Best Director — Steven Spielberg — The Fabelmans

man in front of TIFF signage
Spielberg attends the premiere of The Fabelmans at the Princess of Wales Theatre during the Toronto International Film Festival in September. (Evan Agostini/Invision/The Associated Press)

Putting aside the fact Everything Everyone All at Once‘s directors should be in the category, this is Steven Spielberg’s contest to lose. The Fabelmans is the film that put him there, although it’s far from his best work. Earnest and uneven, The Fabelmans has some serious pacing issues. At the same time, it’s an incredibly personal reflection from a filmmaker who has left an indelible mark on modern filmmaking. No one orchestrates action and suspense like Spielberg. But The Fabelmans is a drama about a family dissolving, superimposed over a story of a young man falling in love with film. While the two elements don’t always gel there’s something endearing about Spielberg finally revealing more of himself after over half a century of filmmaking. I imagine the Academy voters will be all too ready to show their appreciation. 

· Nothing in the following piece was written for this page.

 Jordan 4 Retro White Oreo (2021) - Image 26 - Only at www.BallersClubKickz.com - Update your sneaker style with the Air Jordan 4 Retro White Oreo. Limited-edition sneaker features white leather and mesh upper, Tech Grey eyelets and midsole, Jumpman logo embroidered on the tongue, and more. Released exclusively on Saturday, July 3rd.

Best Actress — Michelle Yeoh — Everything Everywhere All at Once

A woman in a gold and black dress smiles as people applaud her.
Yeoh accepts the award for Outstanding Performance by a Female Actor in a Leading Role for Everything Everywhere All at Once during the 29th Annual Screen Actors Guild Awards in February. (Kevin Winter/Getty Images)

In multiversal adventure Everything Everywhere All at Once we’re treated to a multitude of Michelle Yeohs. She’s the exhausted owner of a laundromat, a glamorous movie star and a hot-dog finger-wobbling lover. In a single movie, the directors gave Yeoh more to do than she’s had in much of her 40-year career. Yeoh is spectacular in EEAO, both as a high-kicking action hero and a mother desperate to reconnect with her daughter. While EEAO may look like some kind of quirky art house Marvel movie, there’s a depth and authenticity to her character that is still uncommon for many Asian roles. 

From her first win earlier this year at the Golden Globes to the Screen Actors Guild awards and more, Yeoh has embraced her status as a symbol of change. At the SAGS she spoke on behalf of Asian actors everywhere saying “Thank you for giving me a seat at the table because so many of us need this. We want to be seen. We want to be heard and tonight, you have shown us that it is possible.” Winning on Sunday would make the Malaysian-born Yeoh the first Asian to win in the best actress category — a historical precedent I doubt voters can resit. 

Best Picture? 

many hands holding oscar trophies
A group of award winners pose with their Oscars on Feb. 26, 2017. (Frazer Harrison/Getty Images)

For the Oscar’s biggest prize there’s less of a personal narrative to consider, which leaves this category wide open. Will the snowball effect of the awards season darling EEAO continue? Will Tom Cruise fans hit the afterburners and blast through thanking Top Gun: Maverick for in Spielberg’s words, “saving Hollywood’s ass.” 

Could the crowd-pleasing Elvis pull off an upset with Austin Butler’s everlasting Presley affectations? Pushed to make a pick, I’d predict the audaciously entertaining Everything Everywhere All at Once to win. It seems to be the perfect Oscar creation, a box office success with a message voters will easily embrace. But an Oscars where almost anything can happen? That’s a narrative I can get behind.